◆ DATA PROVIDED ◆

★ ★ ★

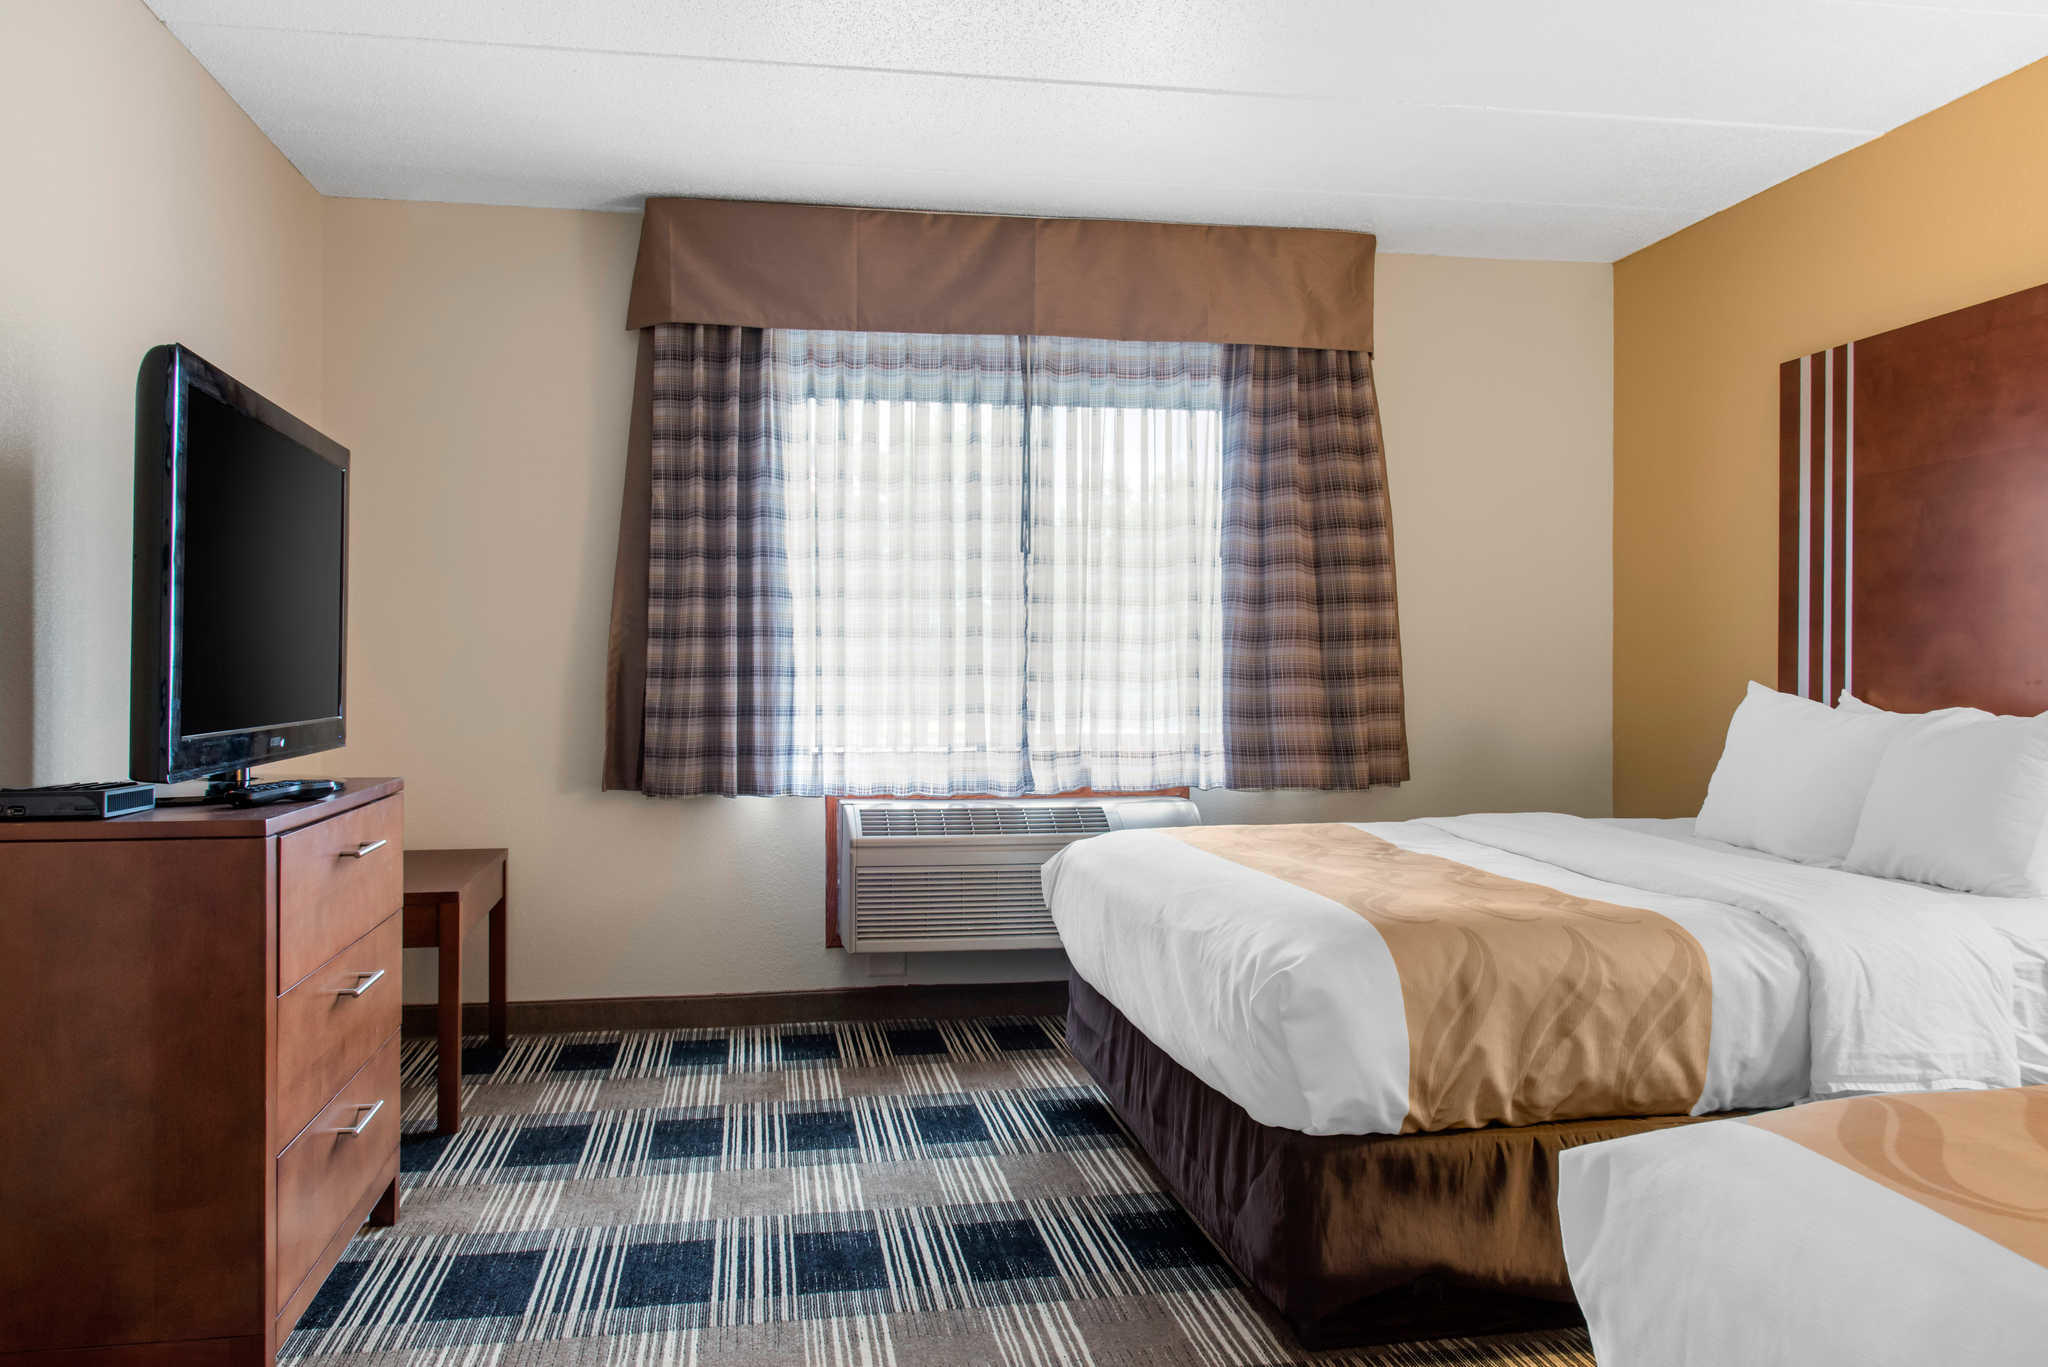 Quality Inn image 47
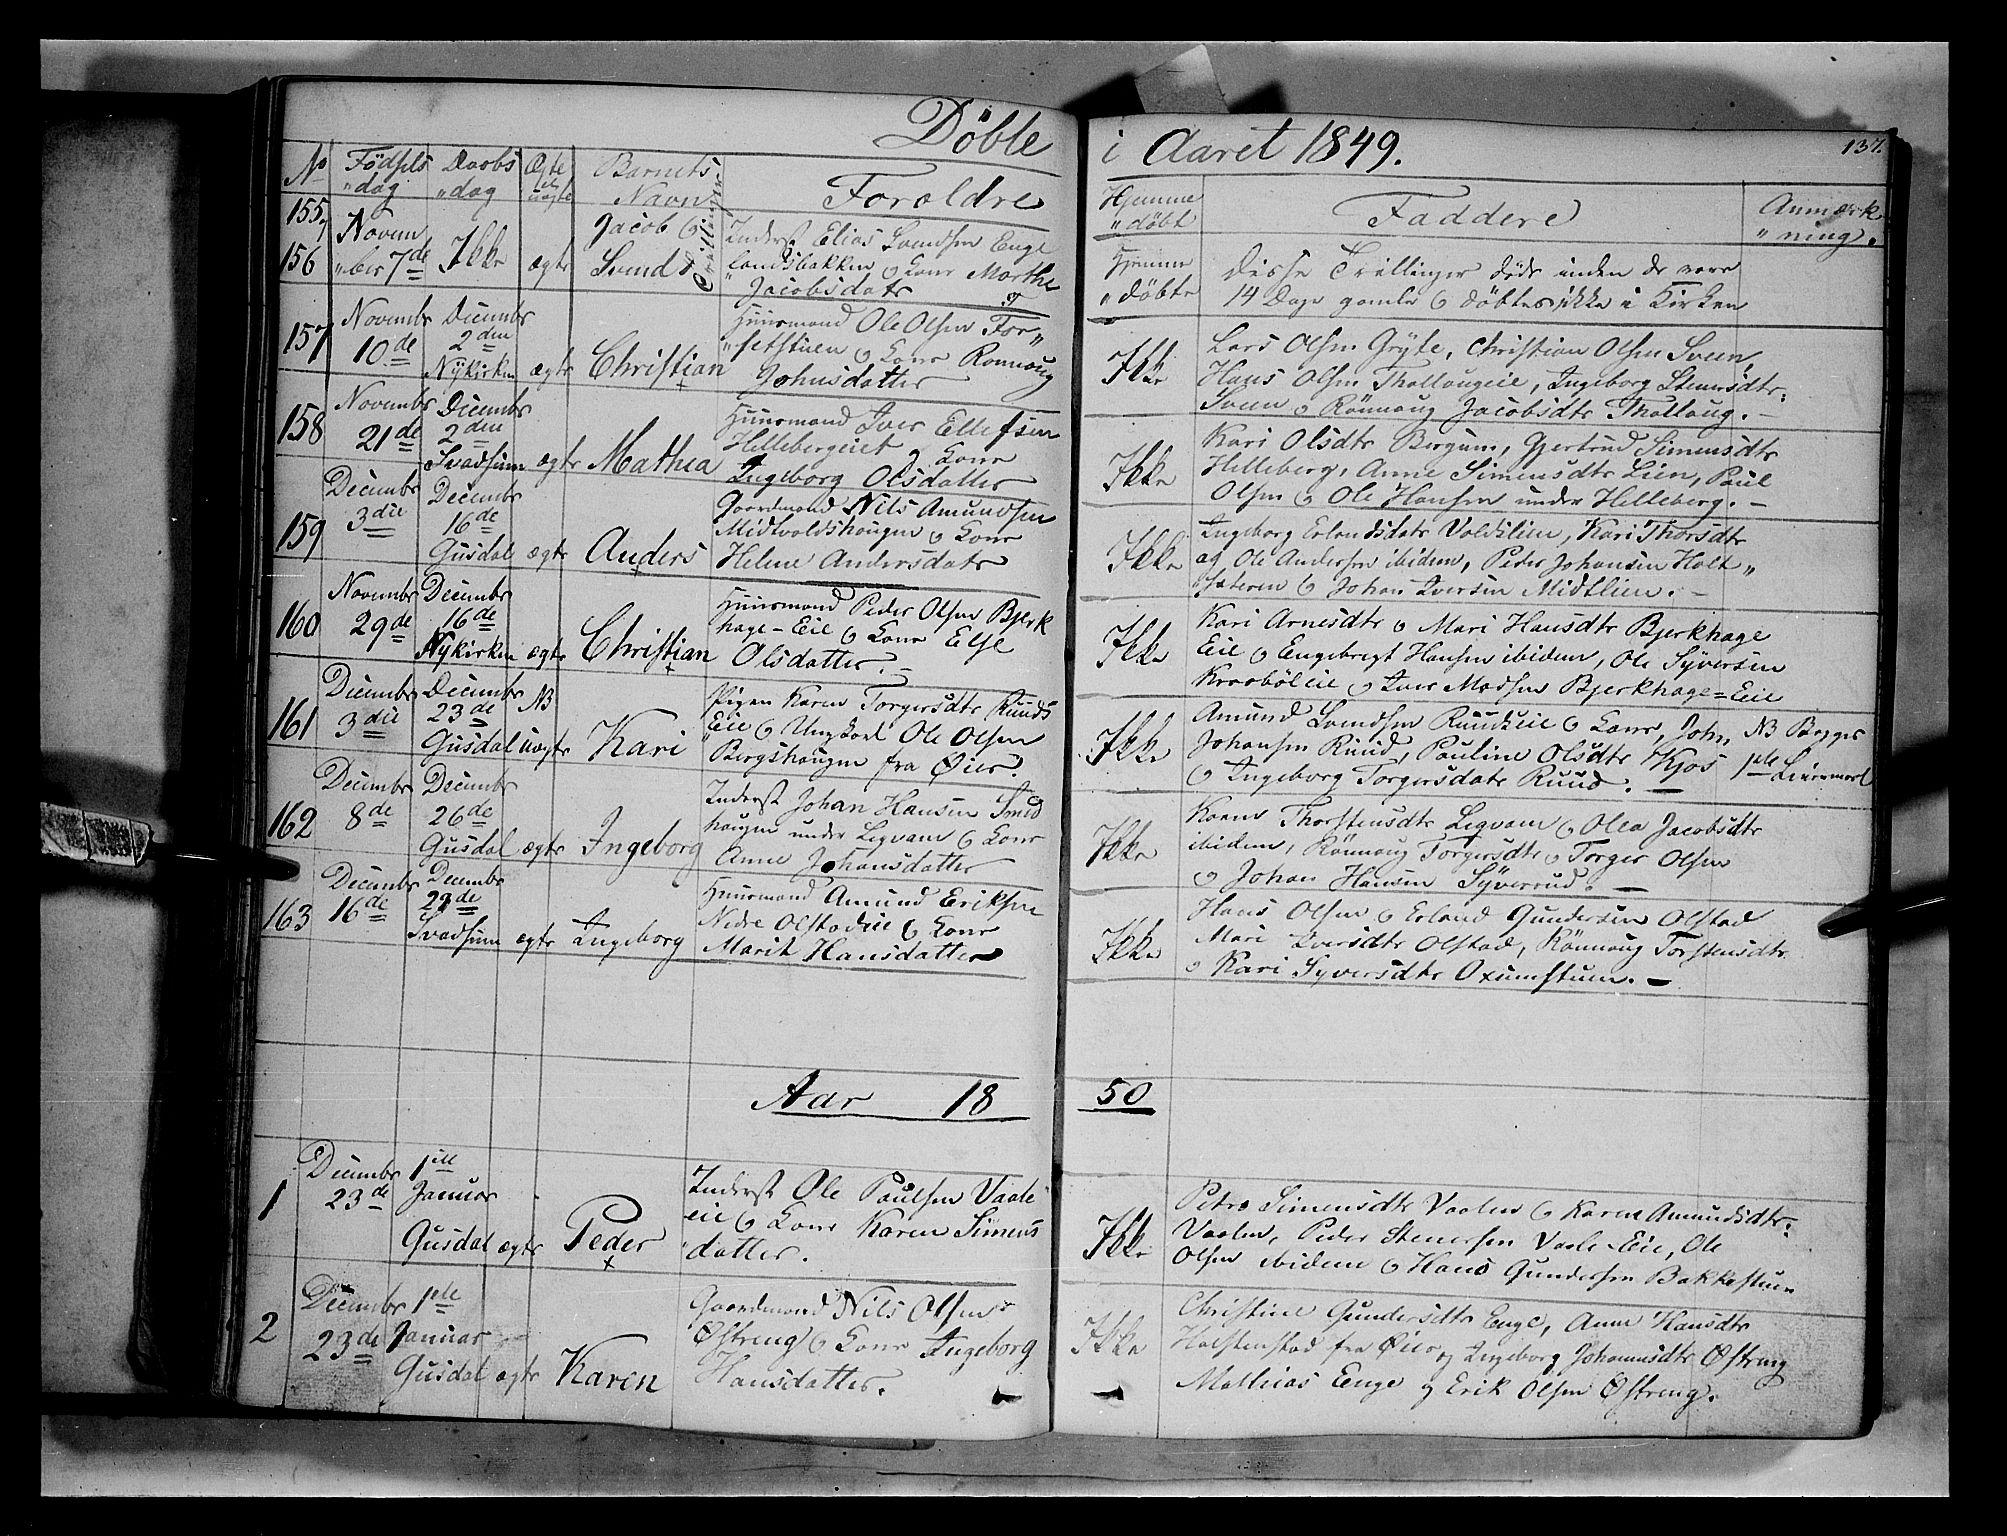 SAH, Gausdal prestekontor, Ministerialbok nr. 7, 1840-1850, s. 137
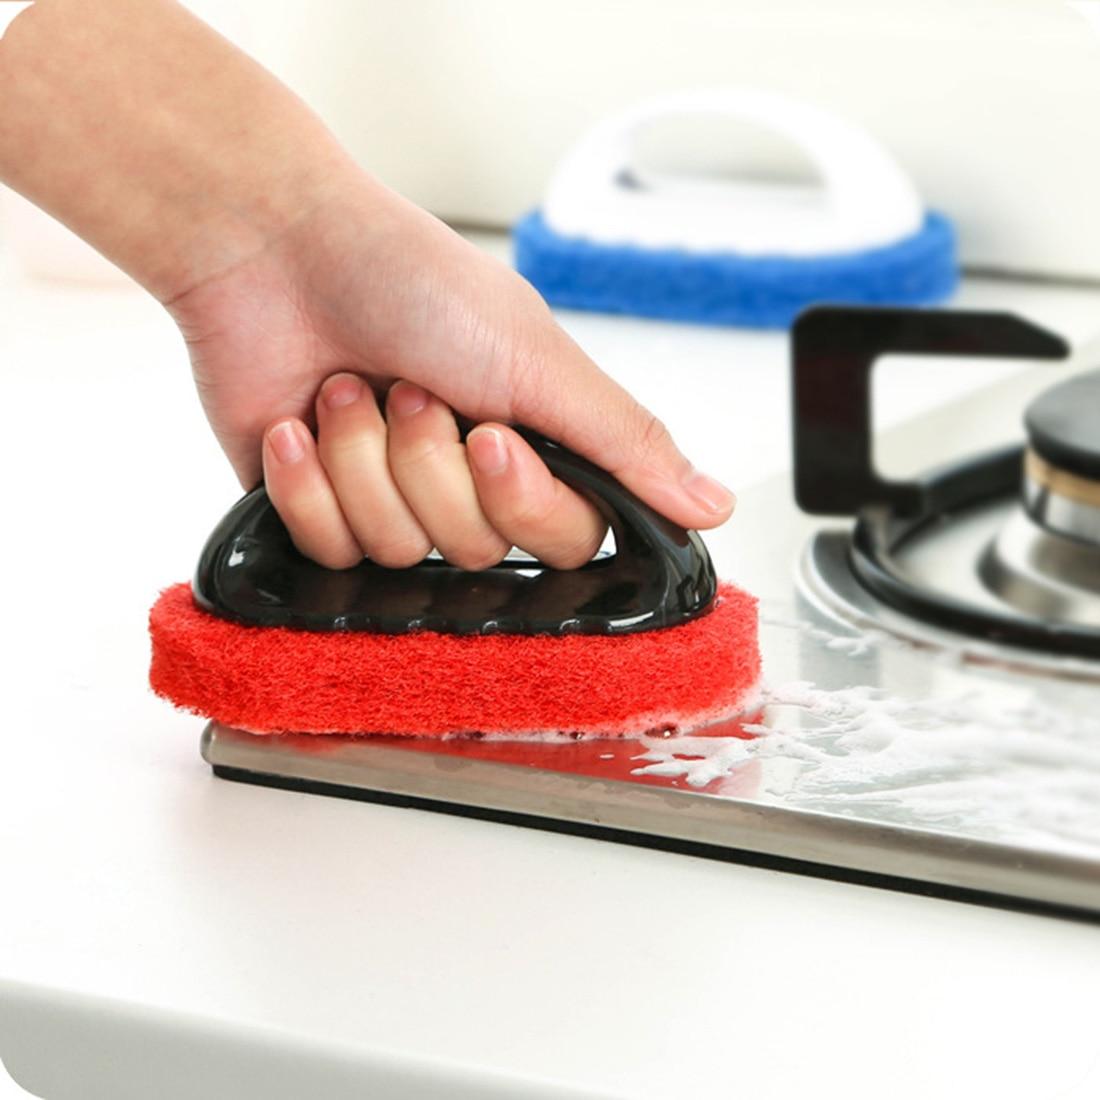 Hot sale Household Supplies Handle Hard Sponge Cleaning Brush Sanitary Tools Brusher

★ ★ ★

Exact transcription of the full listing above is required; images do not belong in it.

 Quality Inn image 47
 SAH, Gausdal prestekontor, Ministerialbok nr. 7, 1840-1850, s. 137
 Hot sale Household Supplies Handle Hard Sponge Cleaning Brush Sanitary Tools Brusher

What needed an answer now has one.